The Bloomberg Barclays U.S. Corporate High Yield Bond Index (Representing U.S. High Yield Bonds) is a total return performance benchmark for fixed income securities having a maximum quality rating of Ba1 (as determined by Moody’s Investors Service).
Bloomberg Barclays U.S. Aggregate Bond Index (representing Investment Grade Bonds): The Bloomberg Barclays U.S. Aggregate Bond Index is an index of the U.S. investment-grade fixed-rate bond market, including both government and corporate bonds.
The Bloomberg Barclays U.S. Municipal Bond Index (representing Muni Bonds) is a broad-based benchmark that measures the investment grade, U.S. Dollar-denominated, fixed tax exempt bond market. The index includes state and local general obligation, revenue, insured, and pre-refunded bonds.
The HFRI Fund Weighted Composite Index (representing Alternatives): is a global, equal-weighted index of over 2,000 single-manager funds that report to HFR Database. Constituent funds report monthly net of all fees performance in U.S. Dollars and have a minimum of $50 million under management or a twelve (12) month track record of active performance. The HFRI Fund Weighted Composite Index does not include funds of hedge funds.
MSCI World Index Ex USA (representing Foreign Developed Equity): The MSCI World ex USA Index captures large and mid cap representation across 22 of 23 developed markets countries—excluding the United States. With 1,021 constituents, the index covers approximately 85% of the free float-adjusted market capitalization in each country.
The MSCI Emerging Markets Index (representing Emerging Markets) is a free float-adjusted market capitalization index that is designed to measure equity market performance of emerging markets. Please go to msci.com for most current list of countries represented by the index.
The MSCI ACWI ex-USA Small Cap Index (representing International Small Cap) is a free float-adjusted market capitalization weighted index that is designed to measure the small capitalization equity market performance of certain developed (excluding the U.S.) and emerging markets. Please go to msci.com for most current list of countries represented by the index.
The Russell 2000® Index (representing U.S. Small Cap Equity) measures the performance of approximately 2,000 small-cap companies in the Russell 3000 Index, which is made up of 3,000 of the biggest U.S. stocks. The Russell 2000® serves as a benchmark for small-cap stocks in the United States. Please go to msci.com for the most current list of countries represented by the index.
The Dow Jones U.S. Select REIT Index (representing U.S. Real Estate) tracks the performance of publicly traded real estate investment trusts (REITs) and REIT-like securities and is designed to serve as a proxy for direct real estate investment, in part by excluding companies whose performance may be driven by factors other than the value of real estate.
The S&P 500® Index (representing U.S. Large Cap Equity) is a capitalization-weighted index of 500 stocks. The S&P 500® Index is designed to measure performance of the broad domestic economy through changes in the aggregate market value of 500 stocks representing all major industries.

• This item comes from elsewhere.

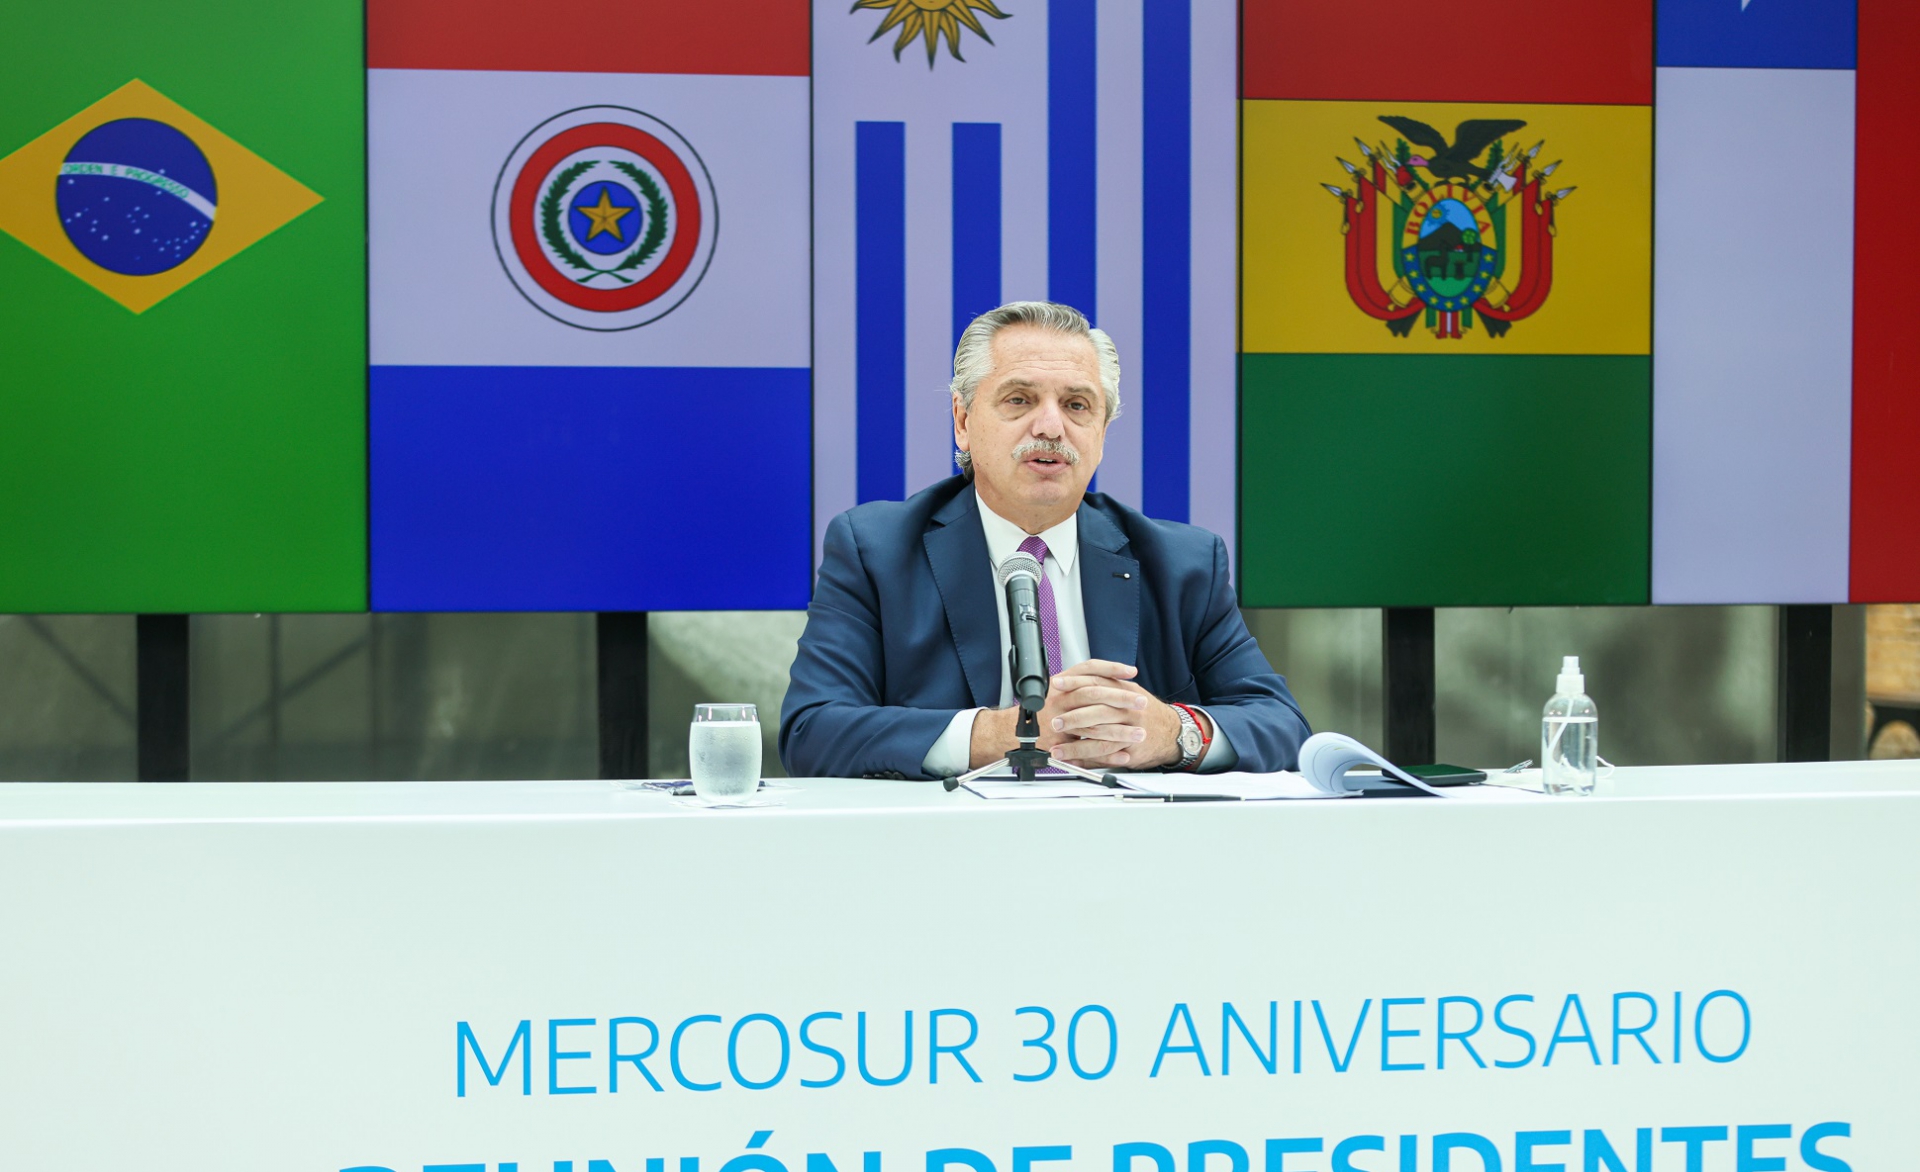 <p>El presidente argentino Alberto Fernández participa de la cumbre de aniversario de Mercosur (imagen: Presidencia de Argentina)</p>

Diversified Portfolio Allocation: Investment Grade Bonds (IG Bonds): 30%, Municipals (Munis): 5%, U.S. High Yield Bonds (US HYB): 5%, U.S. Large Cap Equity: (US LC): 20%, U.S. Small Cap Equity (US SC): 10%, Foreign Developed Equity (For Dev): 10%, International Small Cap (Intl SC): 5%, Emerging Markets (EM): 5%, U.S. Real Estate (REITs): 5%, and Alternatives (Alts): 5%.
A bull market is a prolonged period in which investment prices are rising or are expected to rise. A 20% increase of the S&P 500® index was used and calculated on a monthly basis. A bull market may also be a prolonged period of time when prices are rising in a financial market faster than their historical average. Bull markets are characterized by optimism, investor confidence and expectations that strong results will continue. Bull markets can happen as a result of an economic recovery, an economic boom or investor psychology.
A bear market is a prolonged period in which investment prices are falling or are expected to fall, accompanied by widespread pessimism. A 20% decrease of the S&P 500® Index was used and calculated on a monthly basis. Bear markets usually occur when the economy is in a recession and unemployment is high, or when inflation is rising quickly.
The S&P 500® Index is proprietary data of Standard & Poor’s, a division of McGraw-Hill Companies, Inc. All rights reserved.
The indices are unmanaged, are not available for investment and do not incur expenses.